Over the course of Hersh’s weighty volume he traces a large part of the Kennedy’s involvement in public power (going back as far as Joseph’s father, P.J. Kennedy) s well as their political and financial connections to organised crime. Parallel to this narrative, and frequently colliding with it, is the story of J. Edgar Hoover, the “obsessively territorial” FBI director who built his own empire within the bureaucracy.
The most interesting parts of Bobby and J.Edgar are Hersh’s investigations of the contradictions which these narratives involve: how Bobby came at attack the corruption which had put him and his brother into office, how Hoover found himself establishing COINTELPRO operations against the Klu Klux Klan, when his personal views favoured segregation. Hersh refuses the easy option of calling such situations “paradoxes”, or labelling anyone “a contradictory character”, instead explaining why such situations were expedient and even logical. He also examines iconic figures like Joe McCarthy and Martin Luther King without the heavy gloss of hindsight and without assuming that their histories unfolded inevitably.

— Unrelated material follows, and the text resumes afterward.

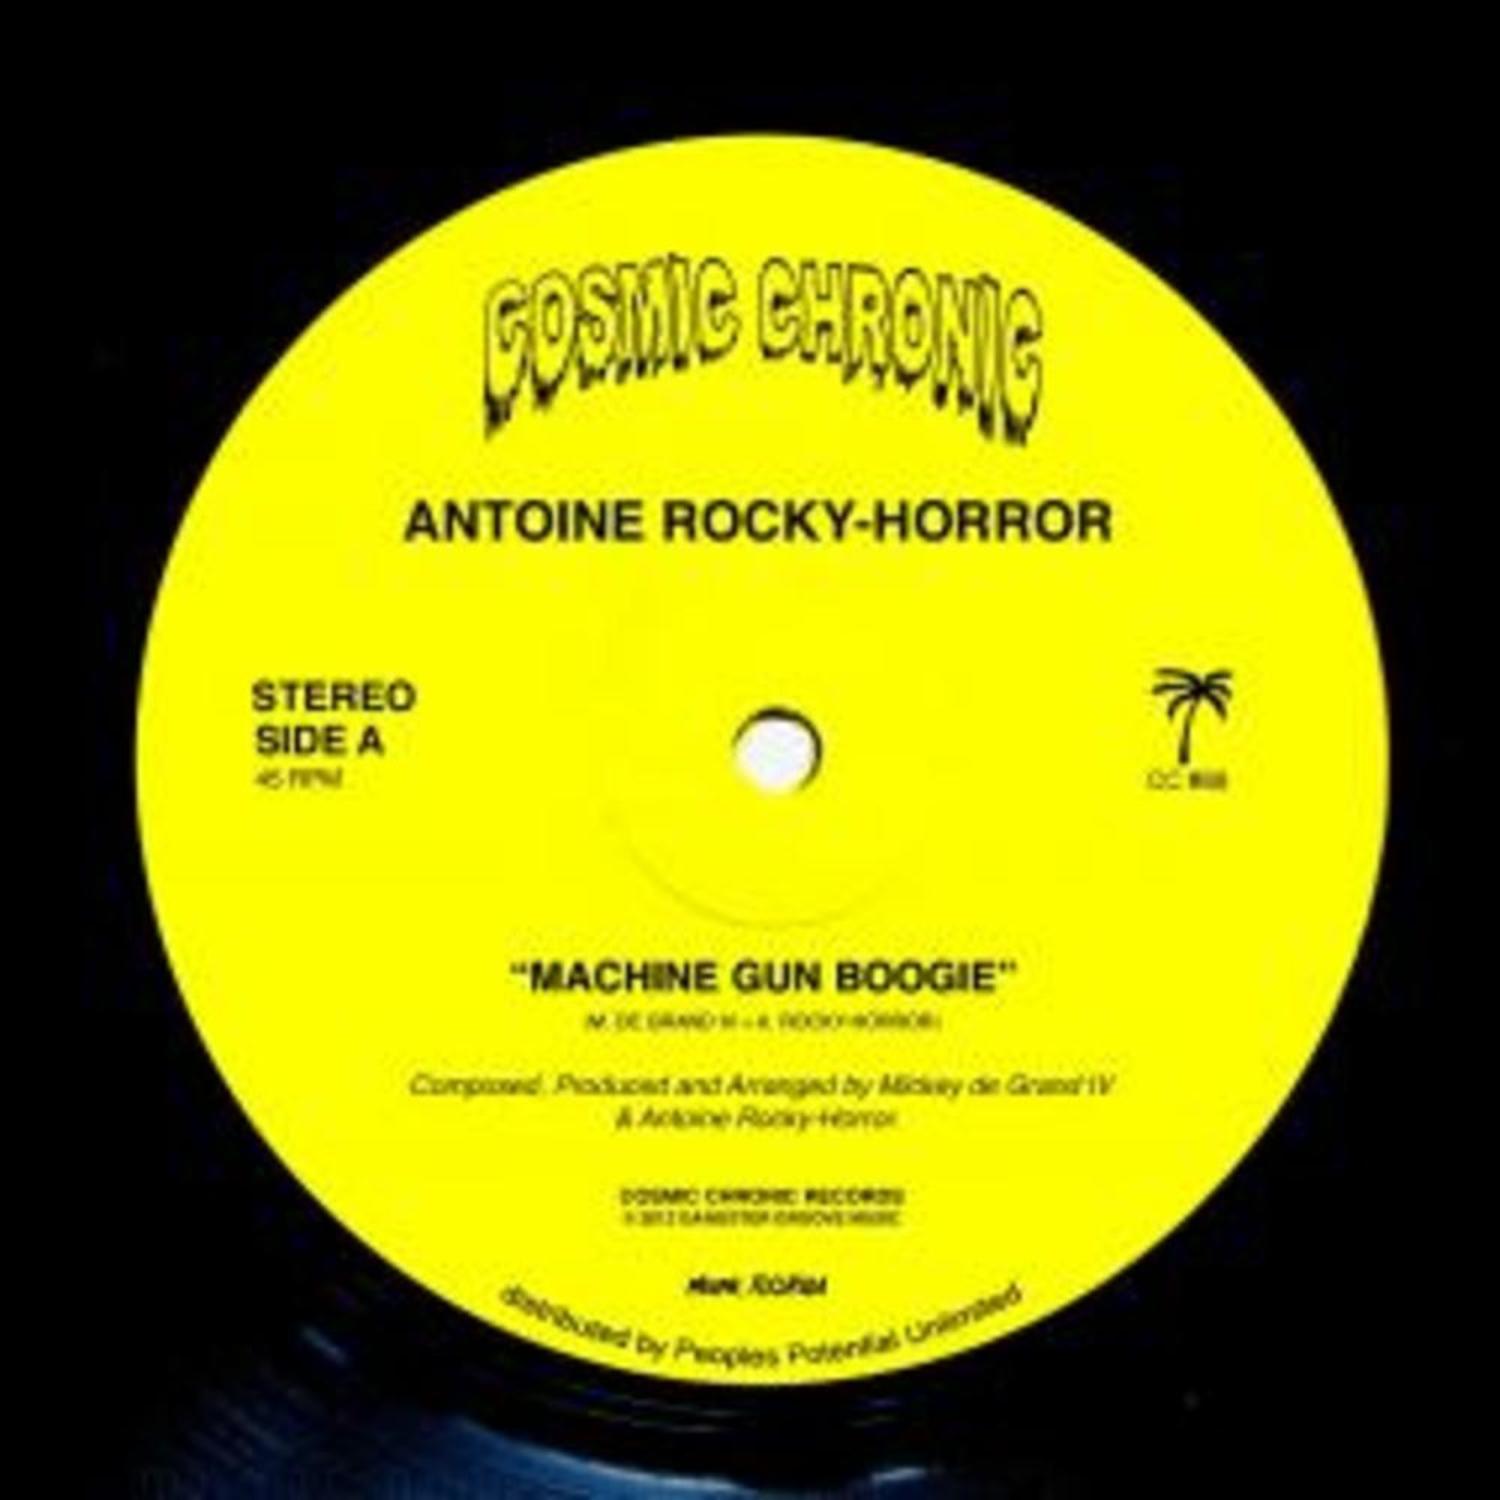 Antoine Rocky-Horror - MACHINE GUN BOOGIE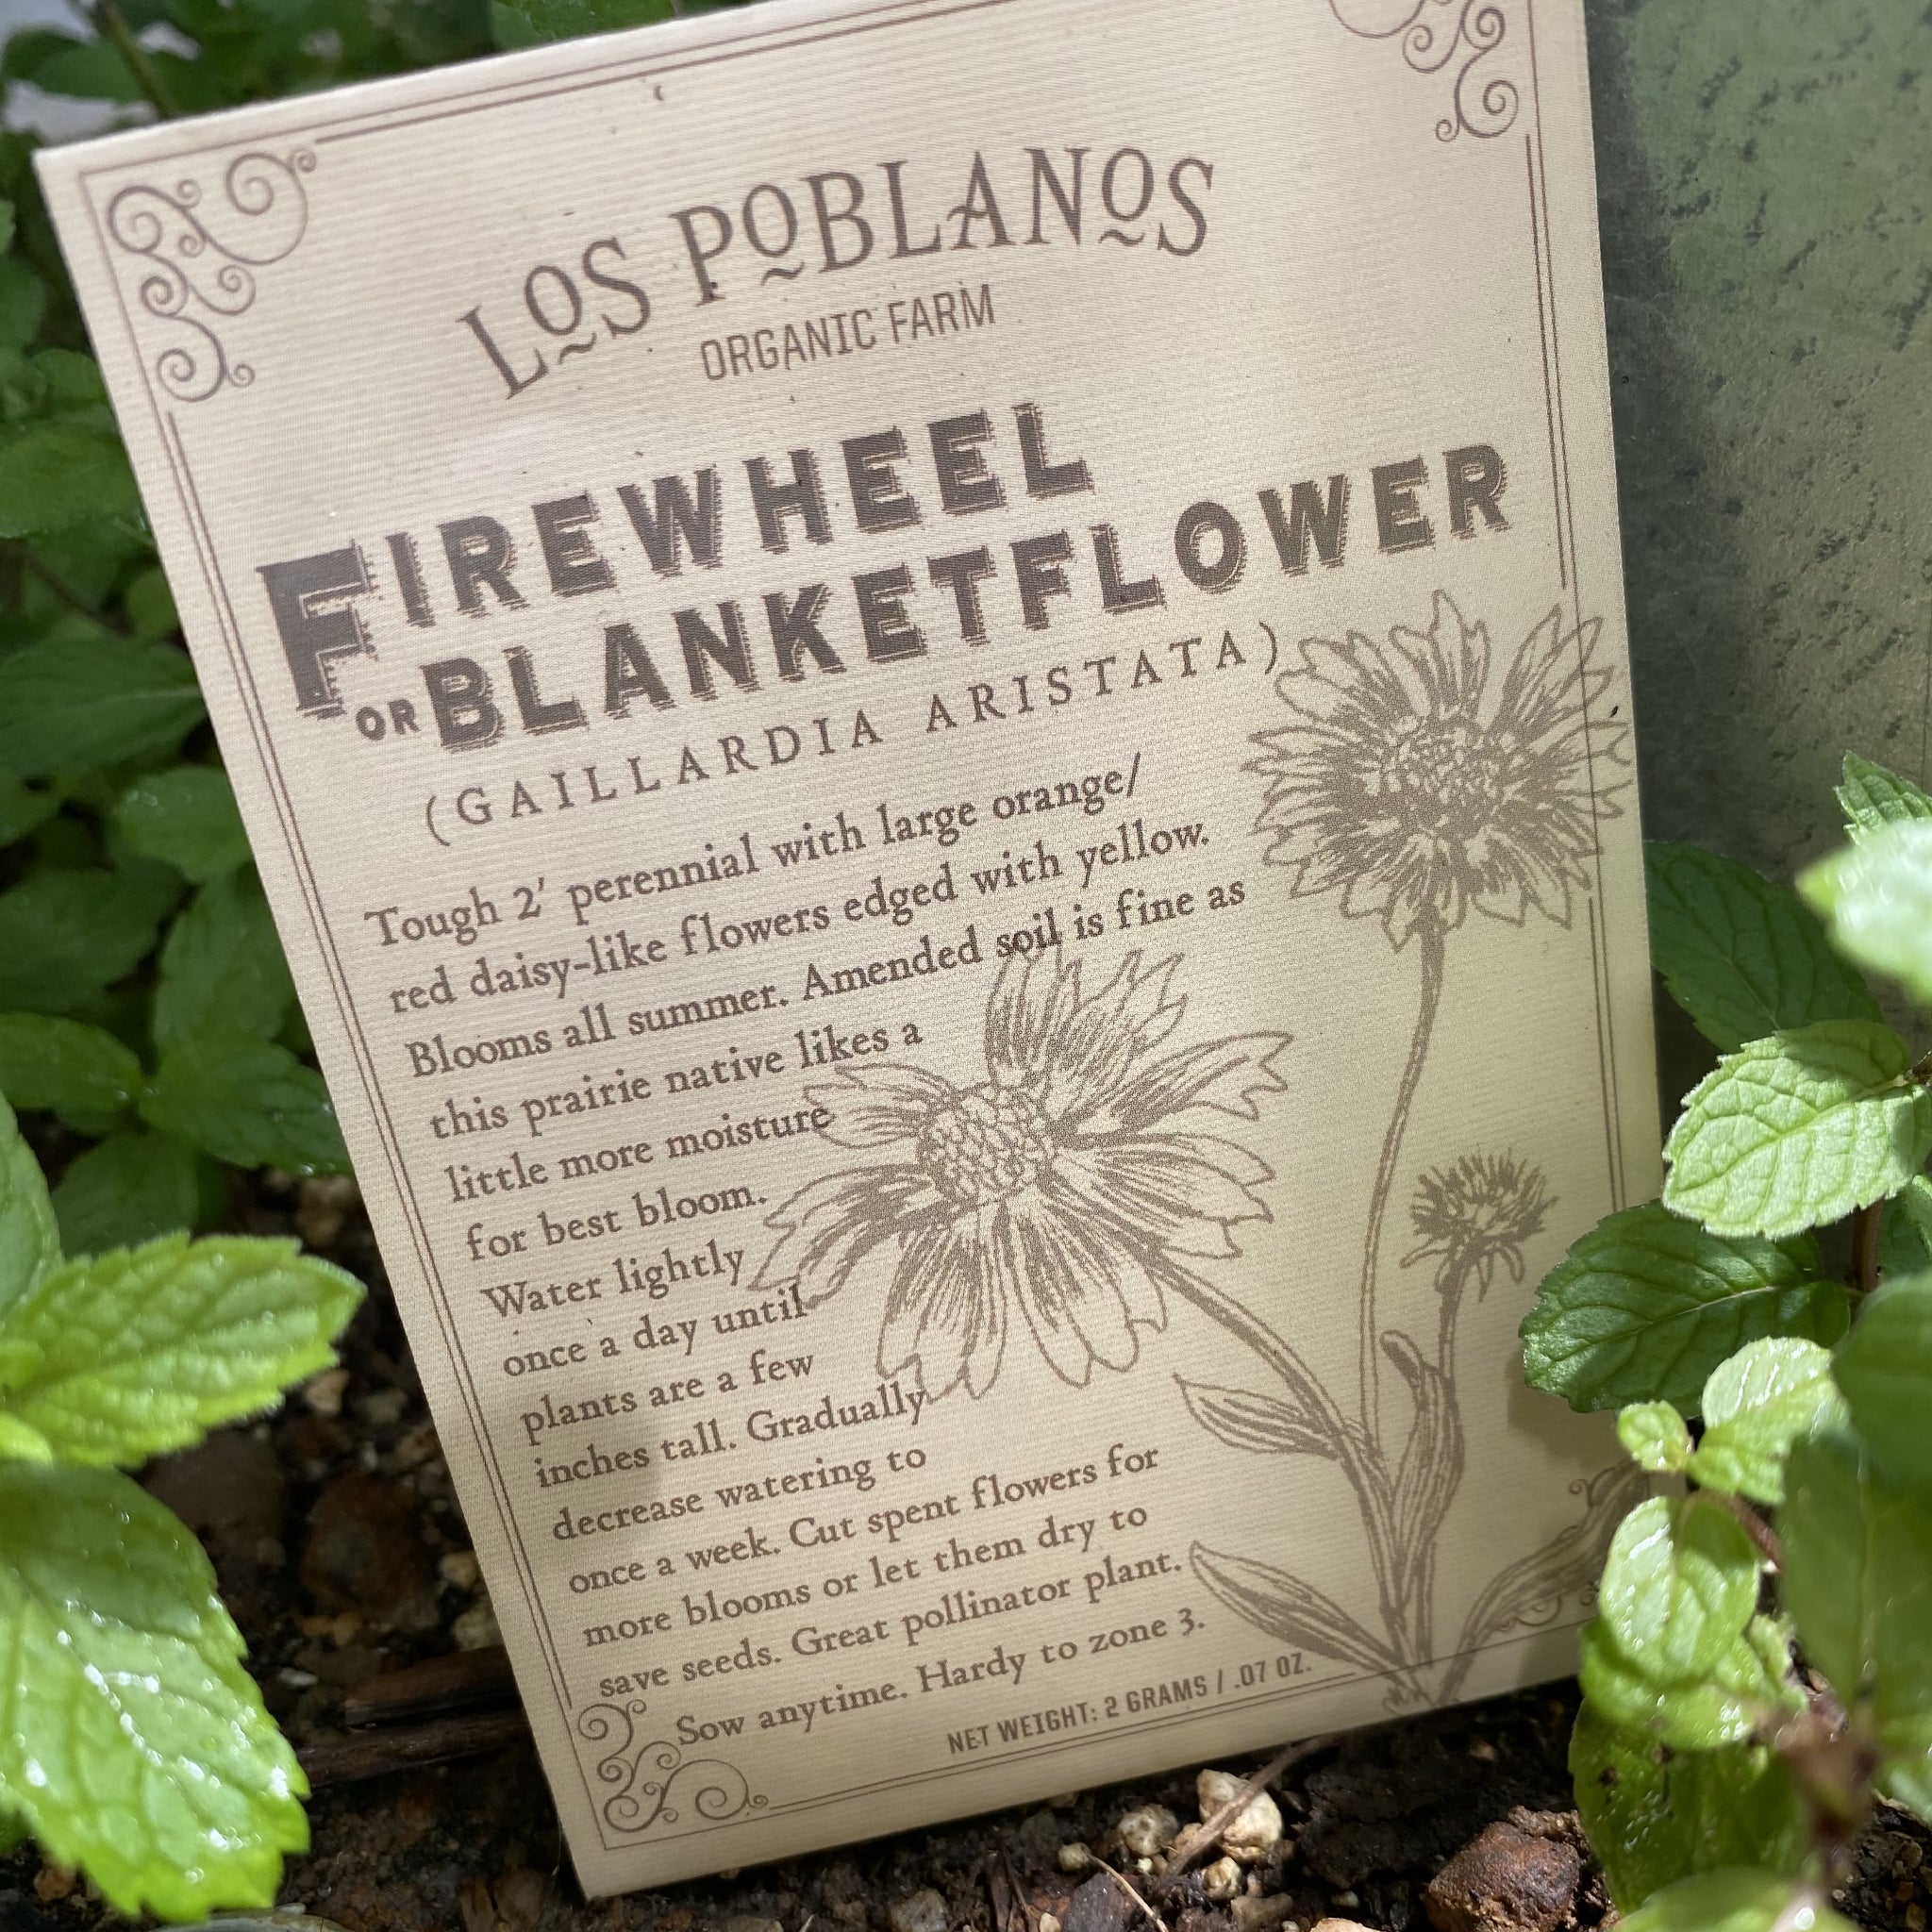 Los Poblanos Firewheel or Blanketflower Seeds

Hersh is clearly committed to the importance of understanding this era of American history: he states that “we share [these] moments of glory, as well as no small residue of collective guilt” and is anxious to analyse Hoover’s real achievements “before we agree to chisel his name out of the architrave of the FBI Building”. His obvious involvement with the material, as well as his flair for telling a story, can sometimes make it unclear whether he is paraphrasing or narrating – some contentious and provocative statements are left dangling between free indirect style and the voice of the historian. It also causes him to accept uncritically a lot of the mythological weight built up around the era – phrases like “literally tempting Fate” or “For twentieth-century America the Kennedys amounted to the House of Atreus” occasionally appear without any analysis of the terms involved or their application.
Bobby and J.Edgar is the product of a great deal of research, and makes fascinating reading for anyone interested in the Kennedy saga – Burton Hersch’s analysis is salient and illuminating.